En cambio, tuvo el privilegio de jugar o entrenar con algunos cracks que pasaron por el rugby italiano.

“En el Villorba compartí cancha con Alberto Sgarbi, un ex centro internacional con Italia, hace seis o siete años más o menos. Creo que fue el jugador de más alto nivel con el que tuve la suerte de compartir. Se notaba su experiencia de haber jugado a altísimos niveles. Como cuando el Bere (Bernardo Stortoni) volvió a Bahía... Jugadores que tienen otra velocidad en la cabeza y en la forma de moverse. Y cuando entrené dos equipos femeninos mientras estuve acá, tuve la suerte de compartir equipo con Paul Griffen, internacional con Italia a principios del 2.000 (ex medio scrum neocelandés que jugó para Italia). Lo veía por la tele y me acordaba de su look particular. Estar al lado fue bastante loco”, dijo.

El excéntrico Paul Griffen entrenó con Vila.

"Carrera" con La Tota

Un objetivo pendiente para Bautista es volver a jugar algunos partidos con la Primera de Argentino.

“Un poco de nostalgia siempre hay. Me fui joven y no jugué en el club todo lo que me hubiera gustado en Primera. Mis amigos siguen allá y varios siguen jugando. Queda la espina de haberme quedado unos años más, pero es el camino que elegí y no me arrepiento. Sí me gustaría, en algún momento, poder tomarme seis meses o tres y volver a ponerme la del club, para volver a tener la camiseta con la que crecí y la que me acompañará toda la vida”, afirmó.

Producción del año 2002 con los Vila para La Nueva Provincia: desde la izquierda, Lucas, Tomás y Guillermo. Al medio, Bautista.

“Iba a ser el último Vila en actividad, pero sigue la competencia con la Tota (Lucas). Estos últimos años dice que deja pero siempre termina volviendo… Que la Preinter, que la Inter, que falta gente y lo llaman para el banco de Primera… Es bastante más terco que yo para dejar de jugar, je. Todavía tengo competencia con el apellido. Me quedaron ganas de poder compartir cancha con Guillermo. Siempre dije que pudimos compartir cancha inclusive los cuatro a la vez en el seleccionado URS, pero nunca pude compartir la cancha con todos mis hermanos con la camiseta del club. Sí con Tomás, con Lucas... Me faltó con Guillermo. Hoy él está como head coach del M23 de Alcobendas (España), retirado como jugador. Pudimos jugar en seven pero nos quedó pendiente en XV”, afirmó.

Jugó rugby league

Una de las particularidades que vivió Bautista en Italia fue probarse en una modalidad del rugby llamada "league" (13 en cancha por equipo), que tiene otras reglas y se practica en regiones puntuales del mundo.
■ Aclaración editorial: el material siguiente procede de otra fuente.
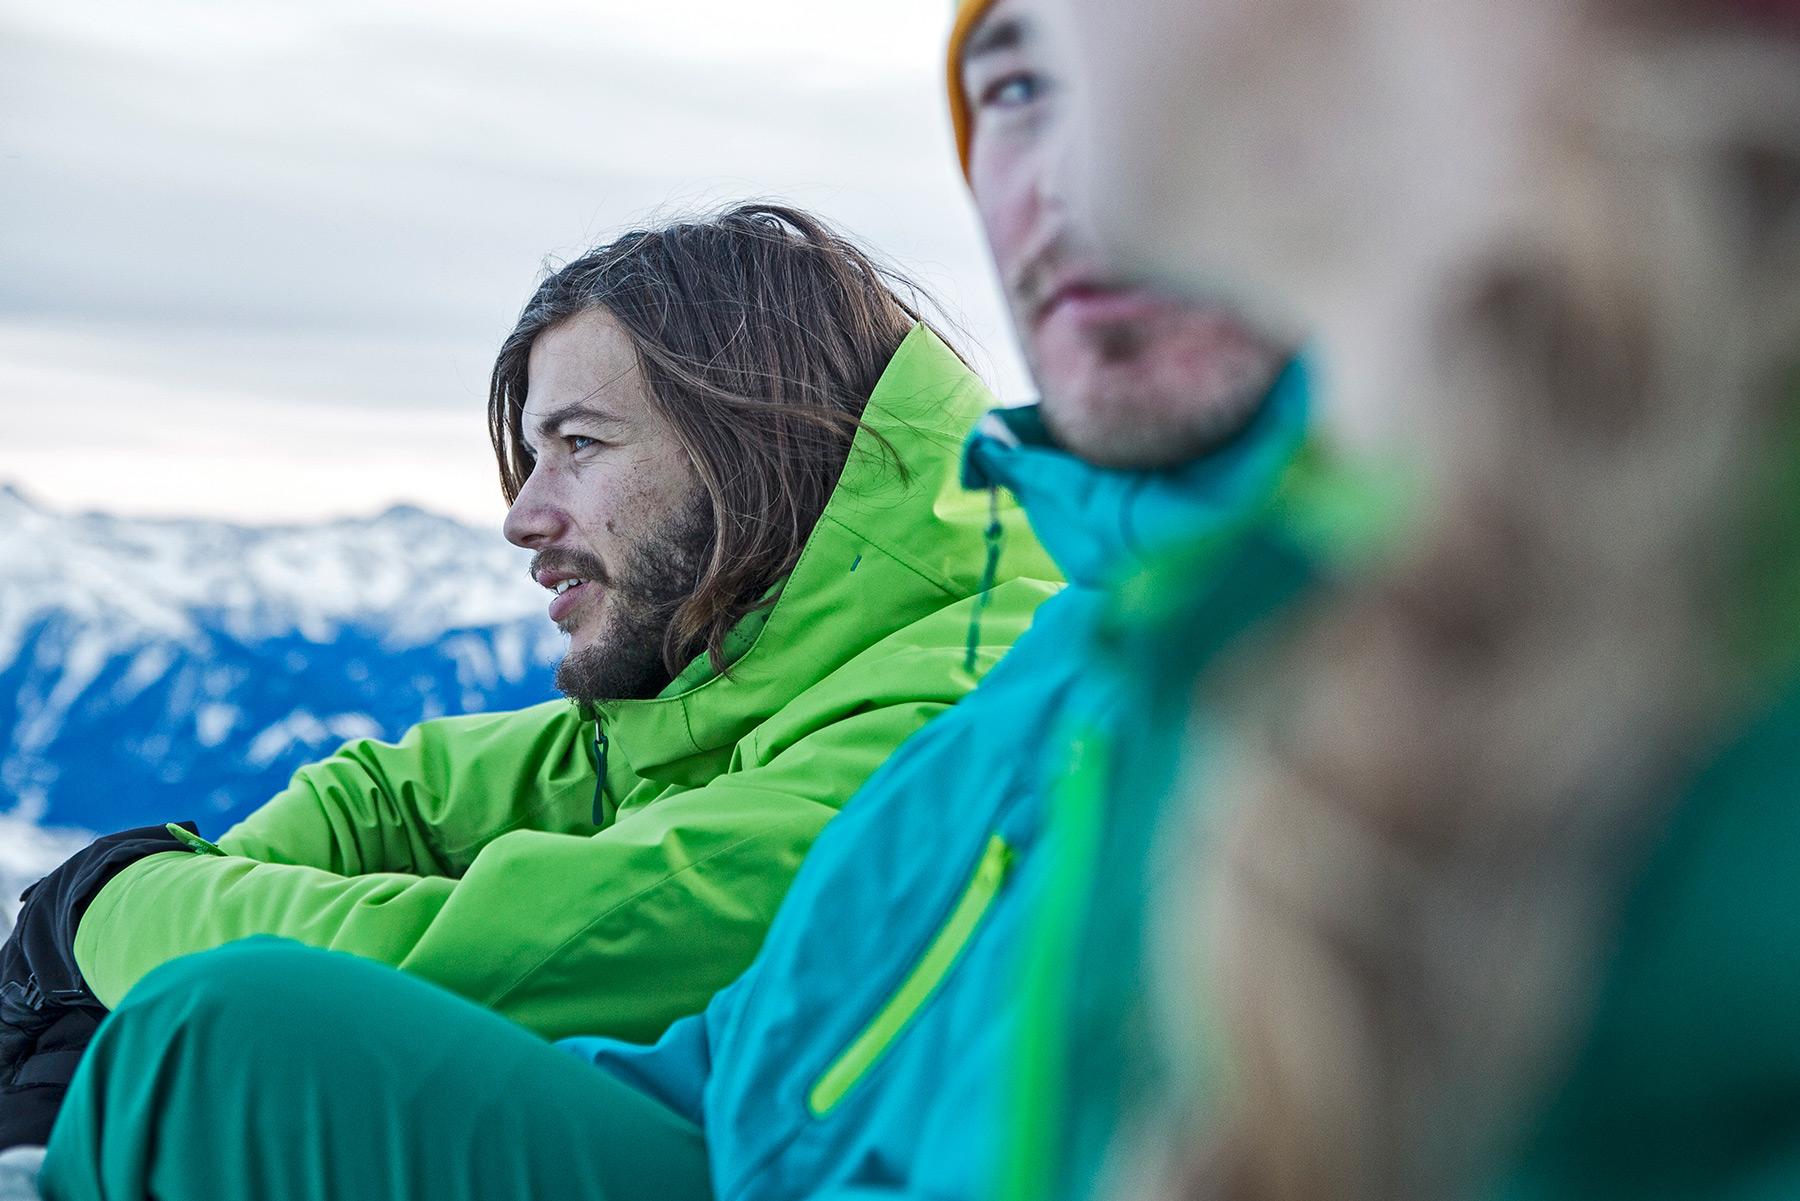 05-Pyua-Dachstein-Ski-Action-Christoph-Gramann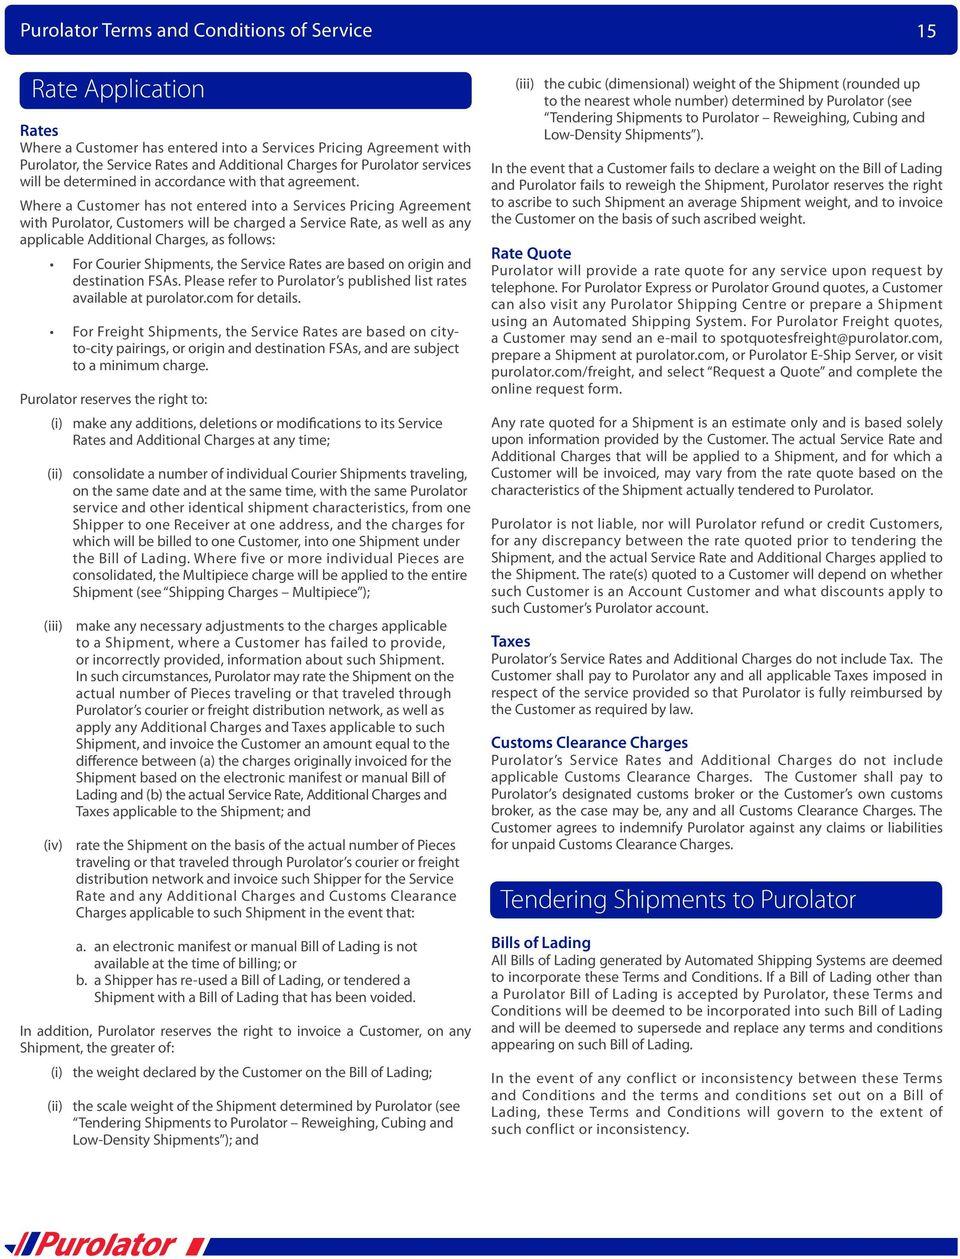 Purolator Freight Bill Of Lading Form

En esa modalidad Vila disputó tres test matches con la selección italiana, en un clasificatorio para la Copa del Mundo 2020.

“Fue medio de rebote. Mi entrenador en Fogliano fue un ex jugador de Italia M20 y tuvo exrperiencia en rugby league. Hoy el seleccionado de Italia en esta modalidad está conformado en un 90 o 95 por ciento por chicos australianos, de abuelos italianos. Pero en un momento empezaron a formar y formantar jugadores locales. Ahí me sumaron. Hicimos seis o siete concentraciones. Tuve algunos partidos, inclusive uno para la clasificación al Mundial de Rugby League de 2020”, recordó.

“Como me tocó ser parte de ese grupo que compartió los partidos de clasificación, en un momento quedé en una lista de quince jugadores para el Mundial, junto con los australianos que eran el núcleo del equipo. Pero no pasé el último corte. Fue una linda anécdota, lo viví con mucha ilusión. Hoy conservo mi camiseta de recuerdo”, concluyó.